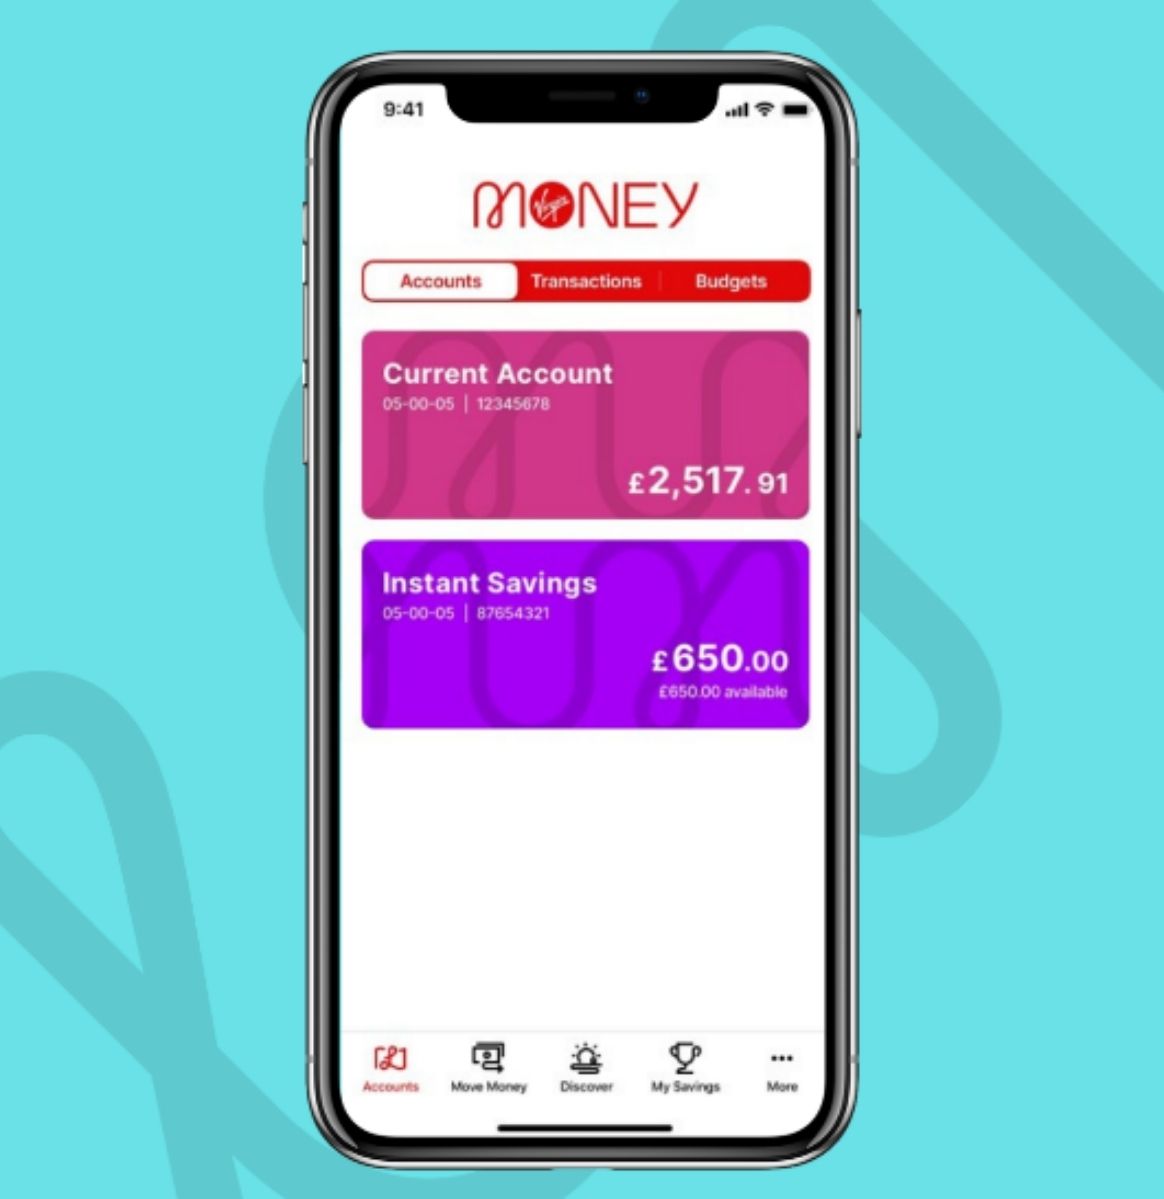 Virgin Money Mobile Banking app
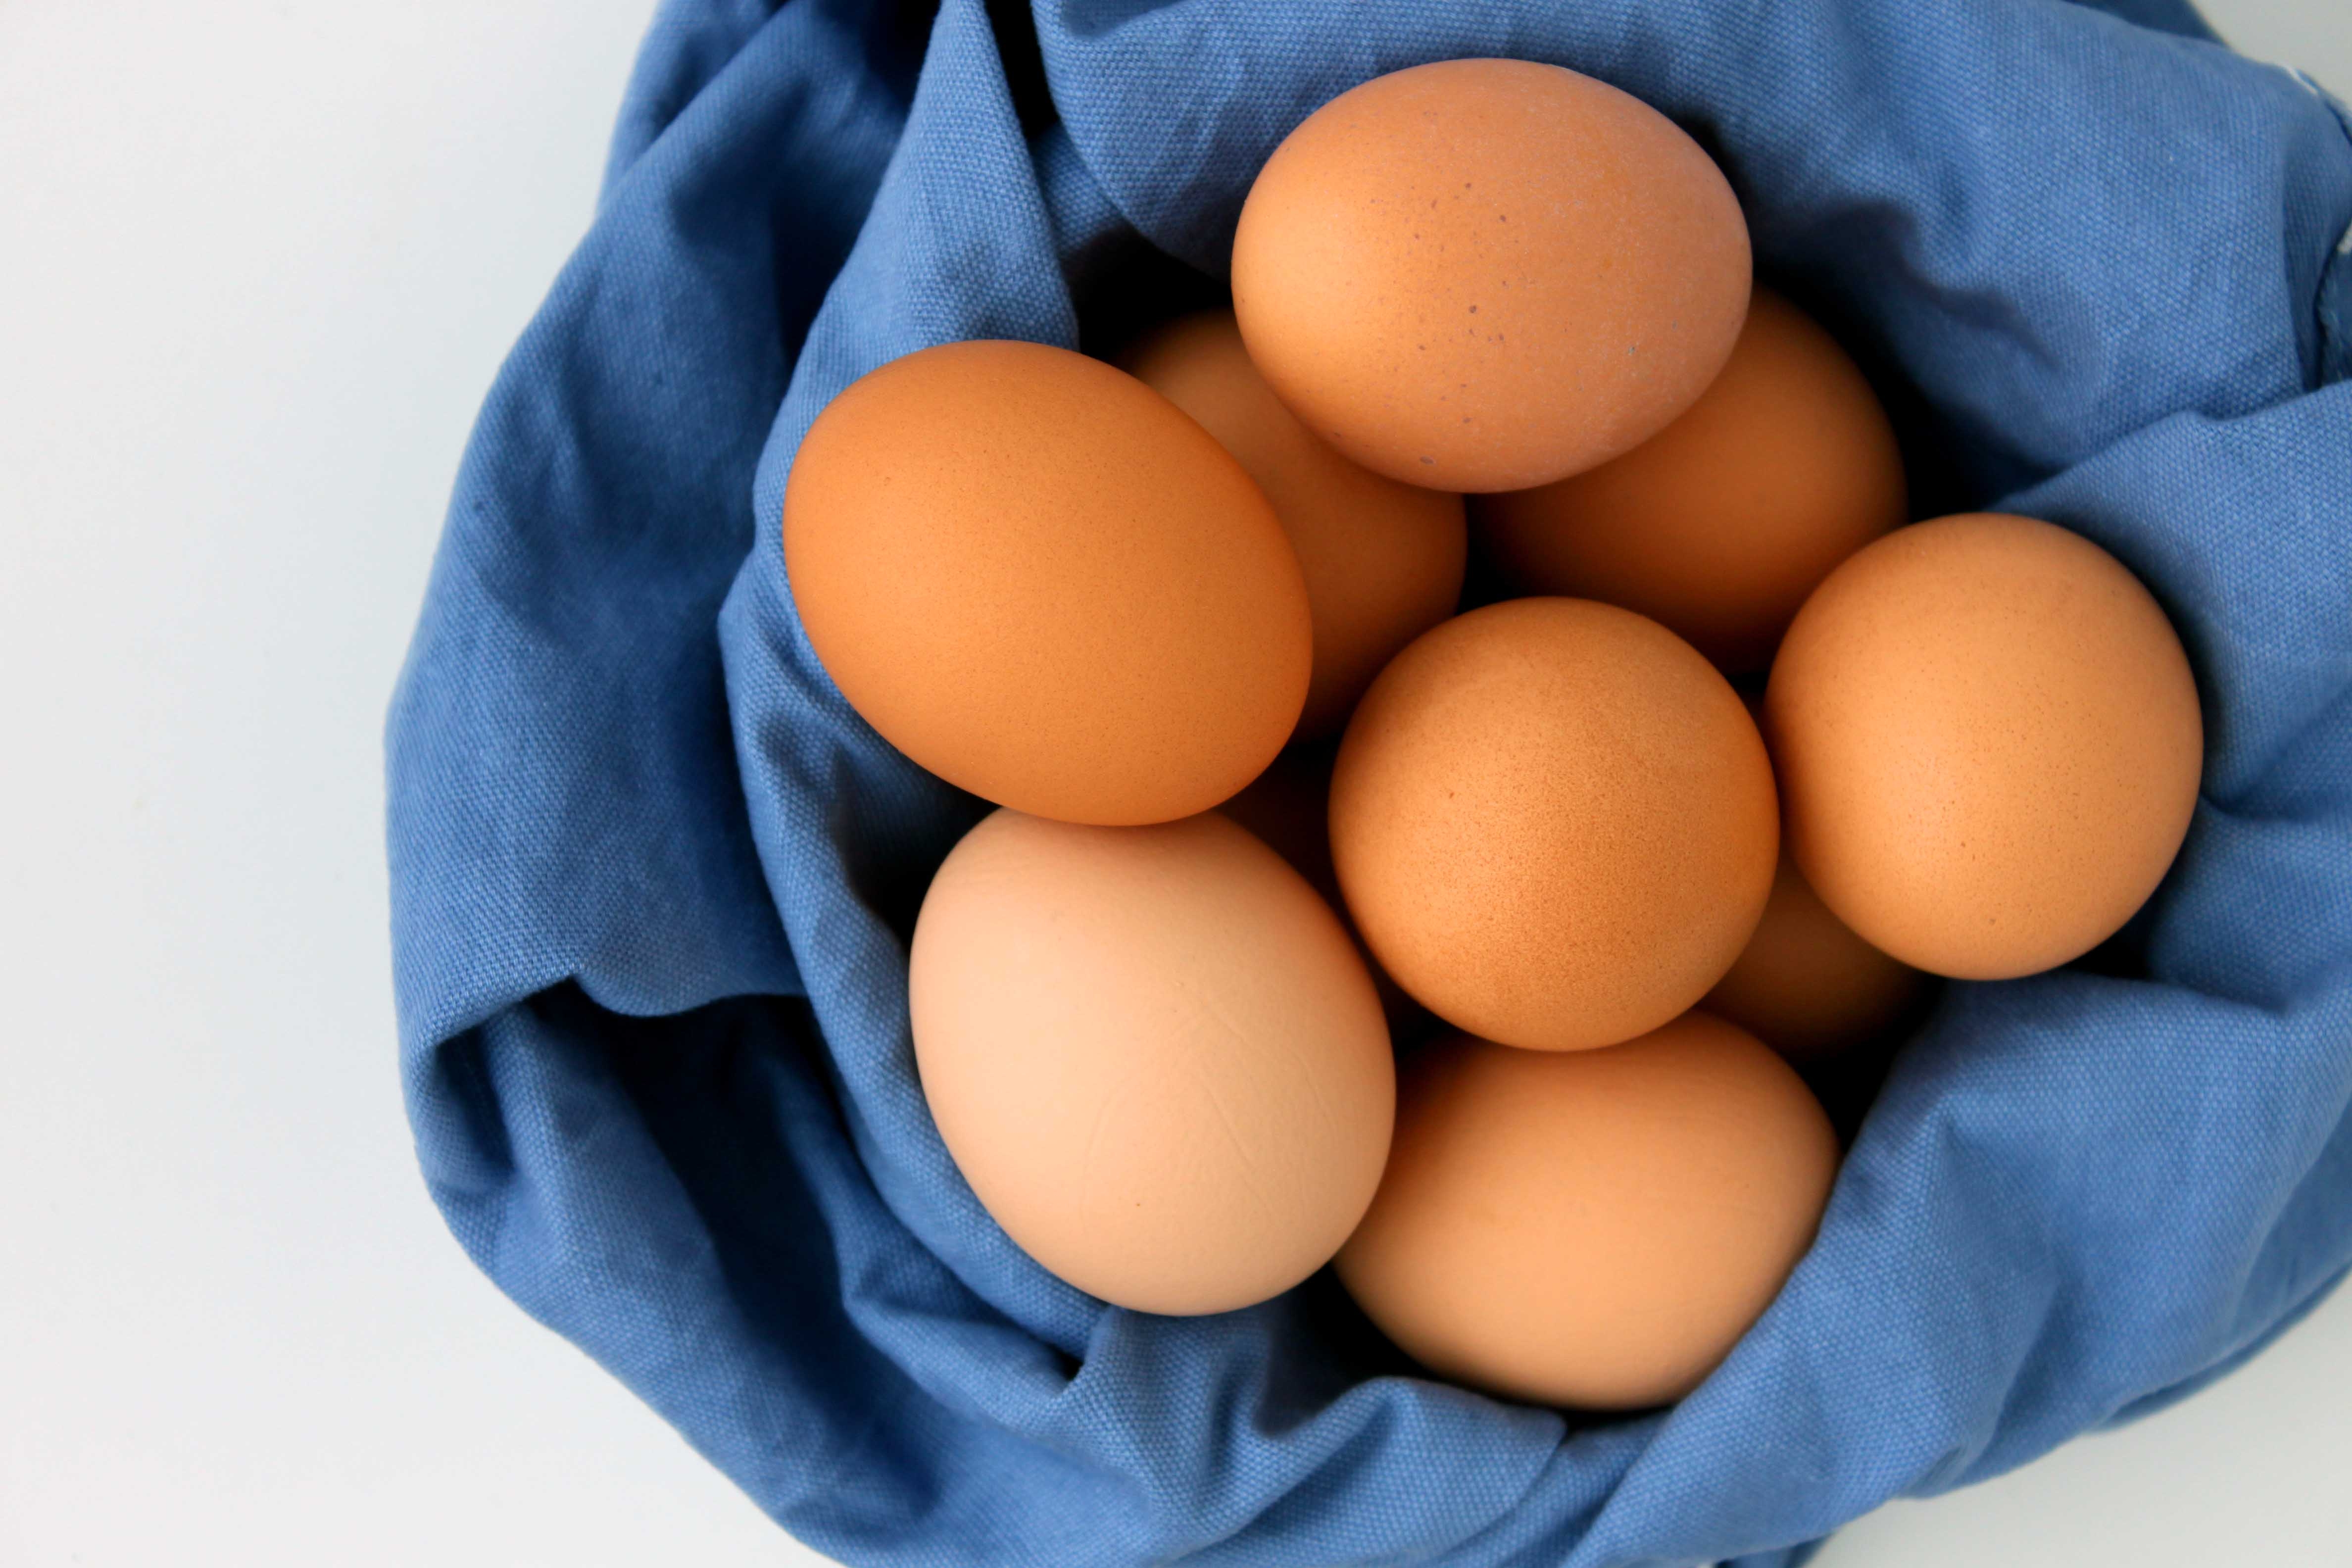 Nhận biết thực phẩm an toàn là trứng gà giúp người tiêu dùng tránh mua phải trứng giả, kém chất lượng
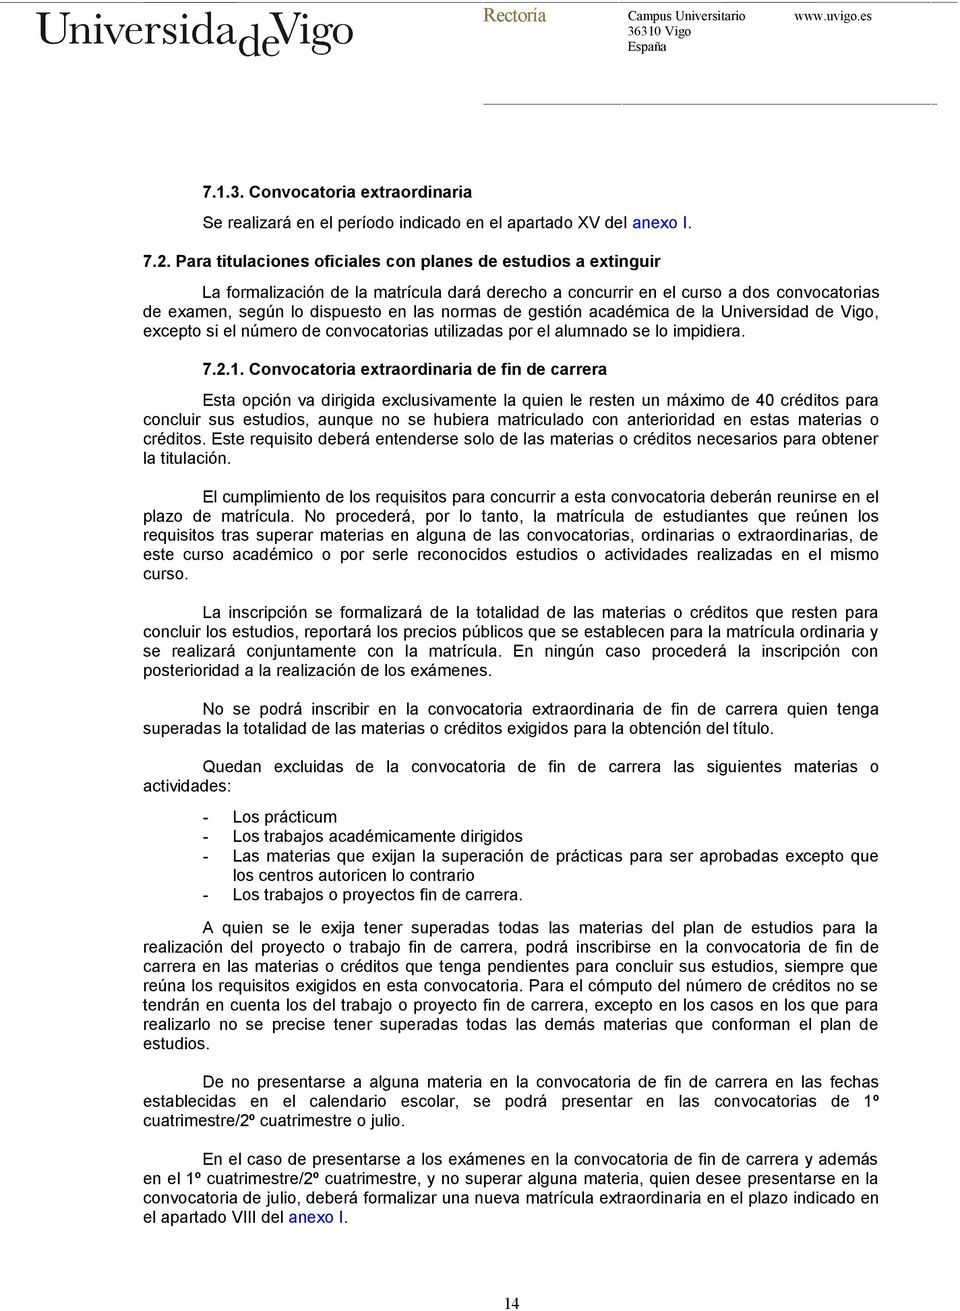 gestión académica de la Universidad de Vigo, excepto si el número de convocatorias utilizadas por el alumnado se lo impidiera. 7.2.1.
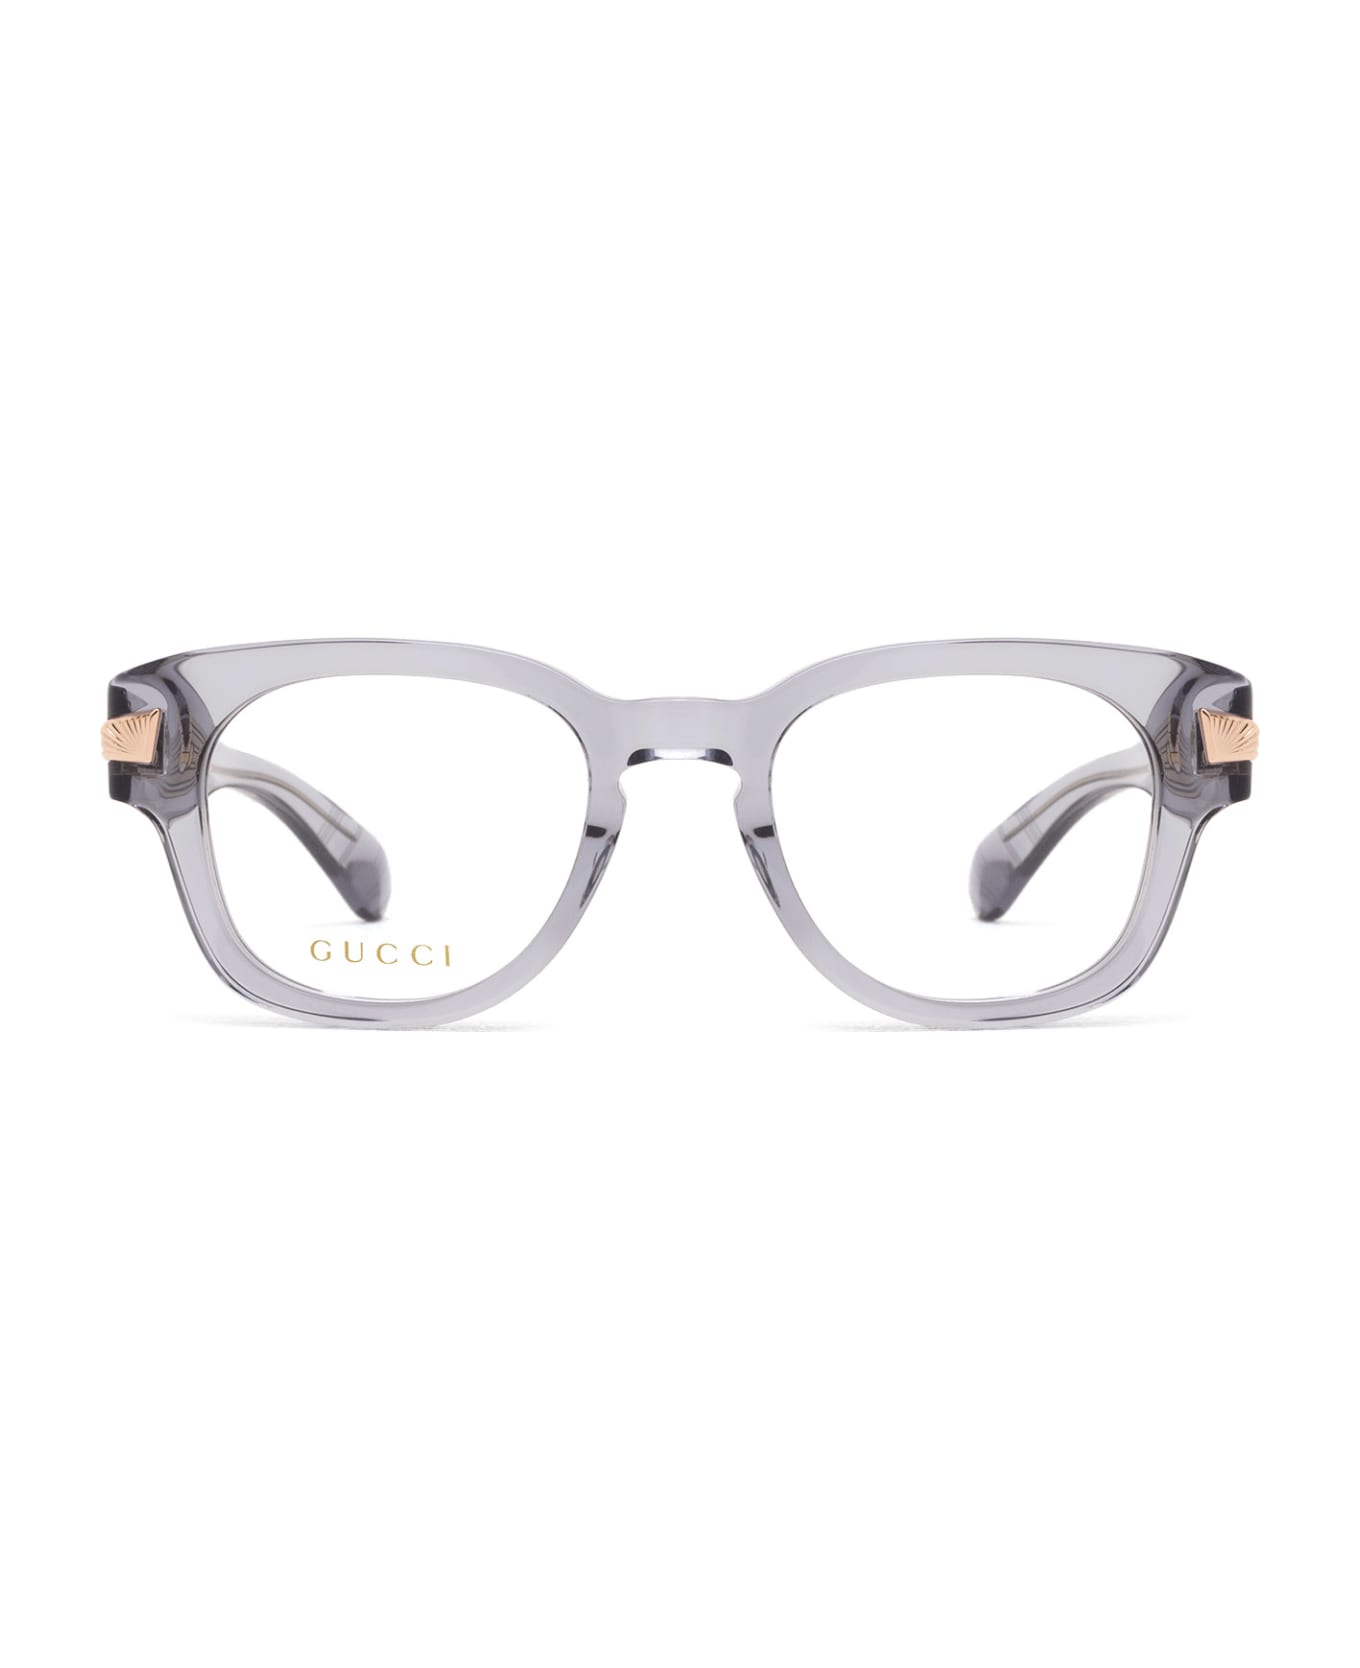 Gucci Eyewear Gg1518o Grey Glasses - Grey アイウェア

**ASSIGNED TASK:**
Each line, from the beginning of the listing to the line bearing "Nhận biết thực" inclusive, should be copied exactly; the pictures stay out.

**RESULT FOR THIS EXERCISE:**
 Virgin Money Mobile Banking app
 Nhận biết thực phẩm an toàn là trứng gà giúp người tiêu dùng tránh mua phải trứng giả, kém chất lượng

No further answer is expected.